現在1000円の出国税、3000~5000円への引き上げ検討 観光公害対策に使い道拡大へ

出国税をイメージした写真

政府・与党が、「出国税」として1人1000円を徴収している国際観光旅客税の引き上げを検討していることがわかった。

訪日外国人の急増に伴って各地で問題となっているオーバーツーリズム(観光公害)対策などに税収を充てられるよう、使い道を拡大する方針だ。

自民党の部会で、引き上げ幅や使途について意見集約を始めた。

海外ではエジプトで約3750円、オーストラリアで約7000円など、日本より高額であることを念頭に置き、税額を3000円や5000円に引き上げる案が浮上している。

また現在は税収の使い道が、訪日誘客のプロモーションや、リゾート地の整備といった国際観光振興に関する施策に限られている。

オーバーツーリズム対策として、観光地の交通機関の拡充や、空港の整備などにも活用しやすくする。

与党税制調査会などでの議論を経て、税制改正大綱への反映を目指す。

国際観光旅客税は2019年1月に導入された。

日本から出発する航空機やクルーズ船などのチケット料金に上乗せして徴収している。

訪日外国人だけでなく、日本人の出国者も対象だ。

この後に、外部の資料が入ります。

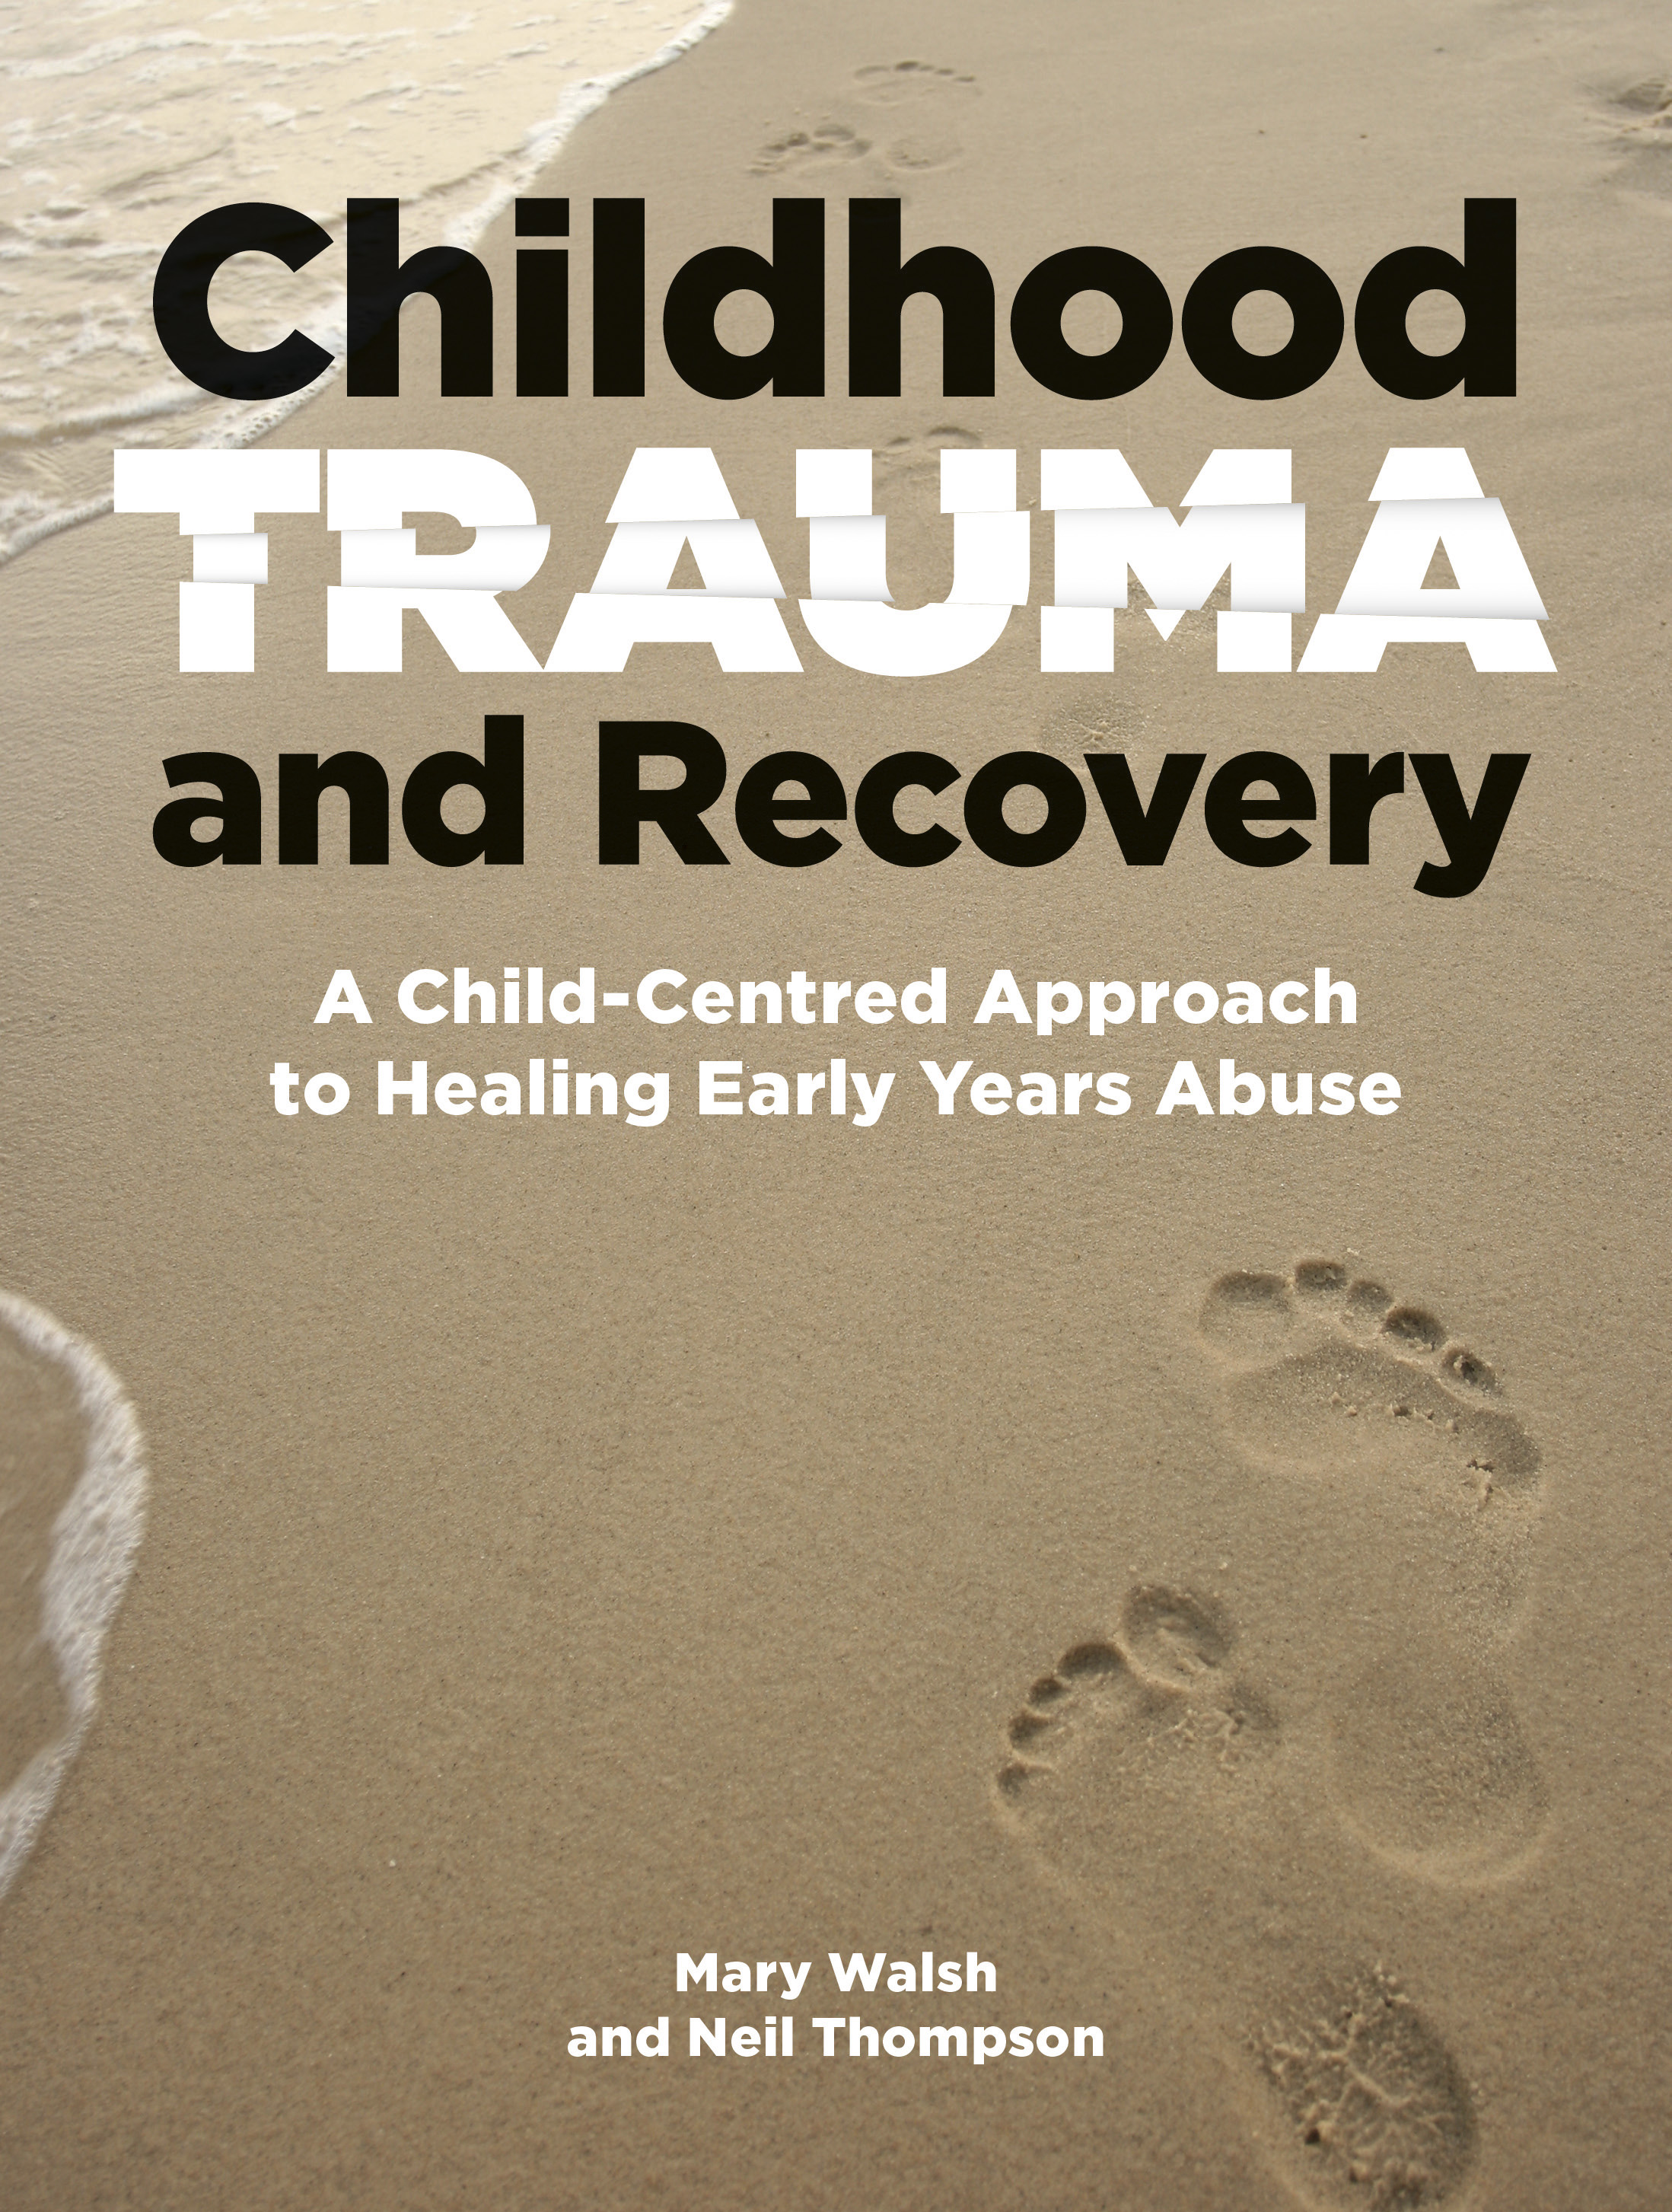 books on trauma biographies

23年度の税収は前年度比約3倍の399億円に達し、25年度は490億円を見込んでいる。

観光庁によると、24年の訪日外国人数は3687万人、出国日本人数は1301万人だった。

訪日外国人は今後も増加が見込まれ、政府は30年に訪日客数6000万人を目指す。

一方で受け入れ態勢が追いついていない空港や観光地もあり、訪日外国人がさらに増えれば、オーバーツーリズムが深刻化する恐れもある。

政府は国際観光旅客税の引き上げで財源を増やし、目標達成に向けた環境整備に活用する考えだ。